When Chatbots Run City Hall: How Governments Can Use AI Without Losing Accountability

Introduction
An AI avatar named Diella is now the virtual “minister” for public procurement in Albania. The government claims she will evaluate bids and award contracts, and in the words of Prime Minister Edi Rama, make tenders “100% free of corruption.” Whether you cheered or shuddered at that announcement, one thing is clear: AI chatbots are moving from website helpdesks to the front lines of public service. They are answering taxpayer questions, guiding health inquiries, and in some places, being trusted with decisions that affect people’s rights, wallets, and well-being. The Guardian report and other coverage show how quickly this future is arriving.

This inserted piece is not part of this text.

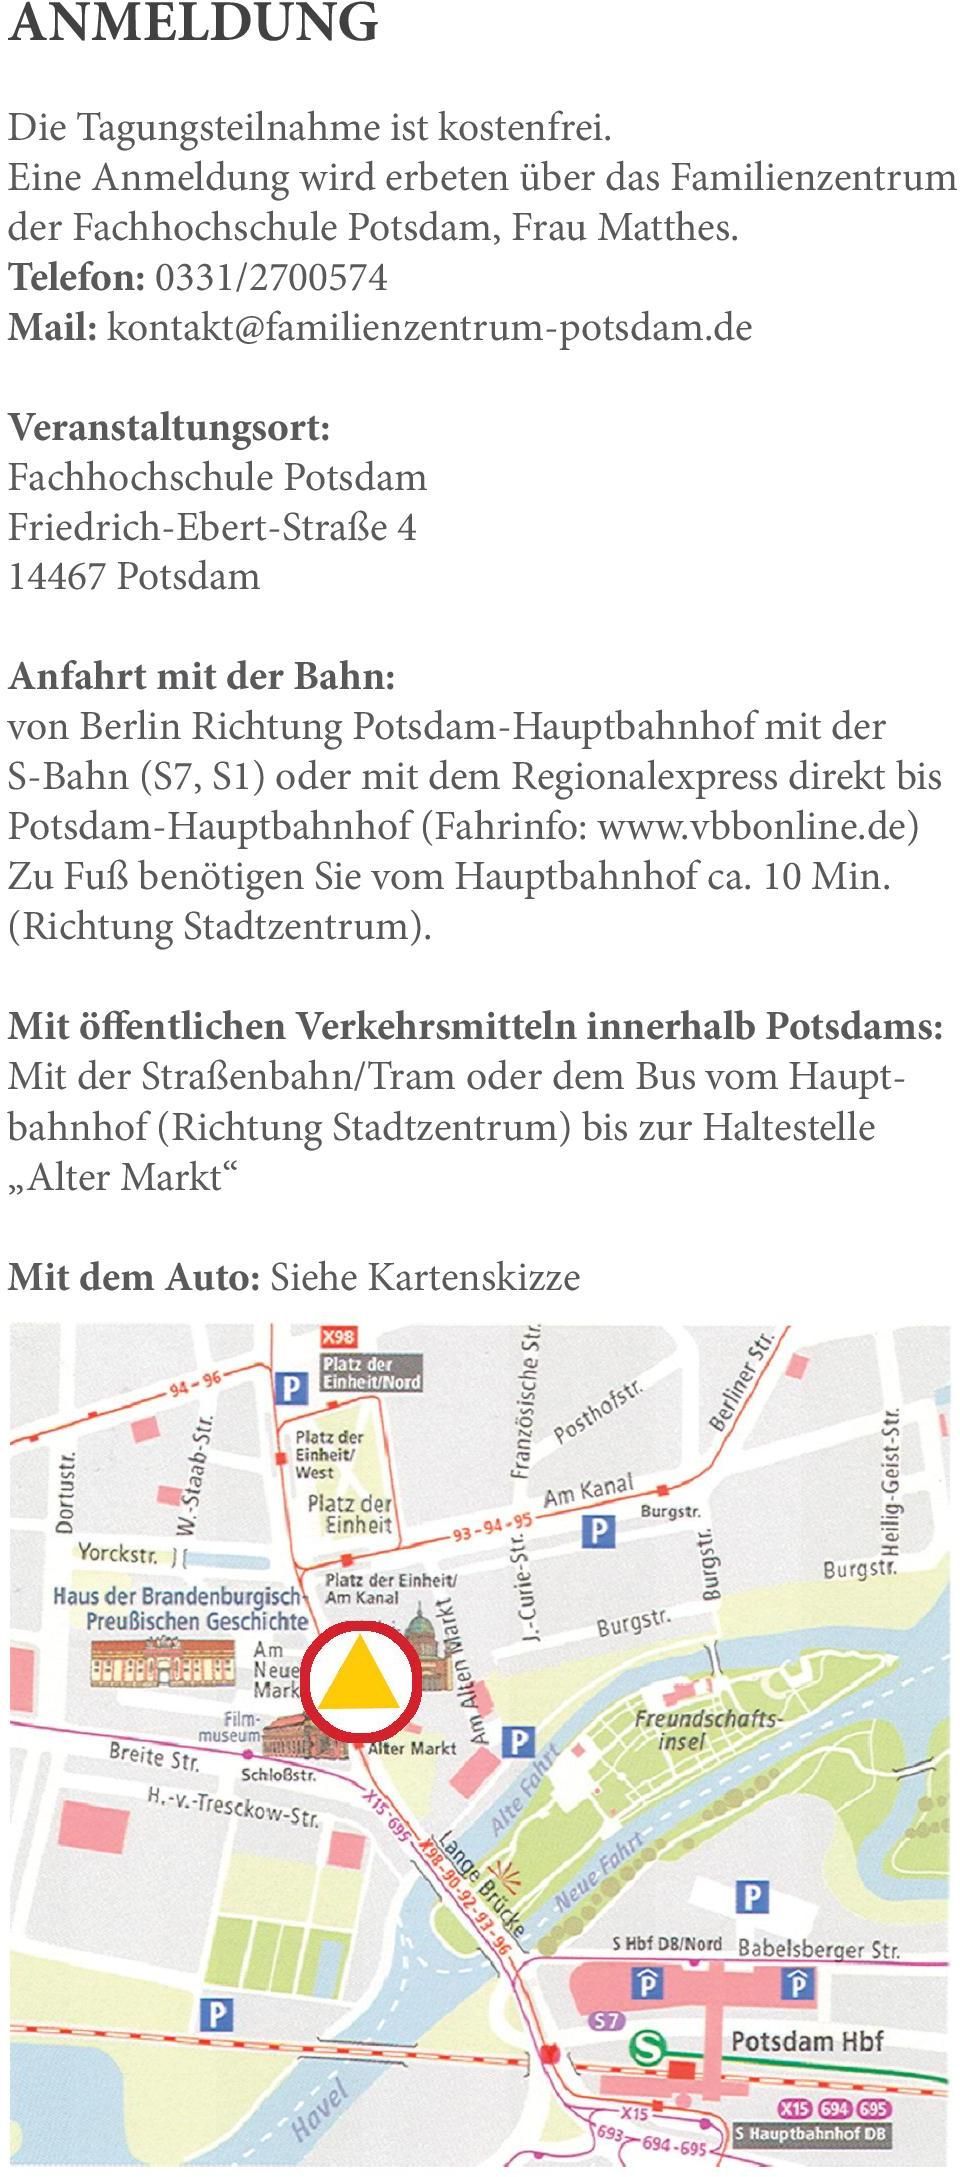 de Veranstaltungsort: Fachhochschule Potsdam Friedrich-Ebert-Straße 4 14467 Potsdam Anfahrt mit der Bahn: von Berlin Richtung Potsdam-Hauptbahnhof mit der S-Bahn (S7, S1) oder mit dem

This article breaks down a complex and fast-moving debate for anyone curious about the future of government services. We will walk through what governments are actually deploying, why they are tempted to go further, what can go wrong, and how to design AI chatbots that improve public services without eroding accountability. Along the way, we verify claims from recent headlines and point you to credible resources and rules now shaping this space.
What Just Happened in Albania, and Why It Matters
- The Announcement: In September 2025, Albania appointed an AI assistant, Diella, to serve as a virtual cabinet member for public procurement. The government states Diella will gradually take over awarding tenders to reduce bribery and political influence. Coverage from The Guardian and Euronews confirm the announcement.
- The Goal: To achieve objectivity, speed, and transparency. The logic is that with one AI “official” applying stable criteria, procurement can be more consistent and less corruptible.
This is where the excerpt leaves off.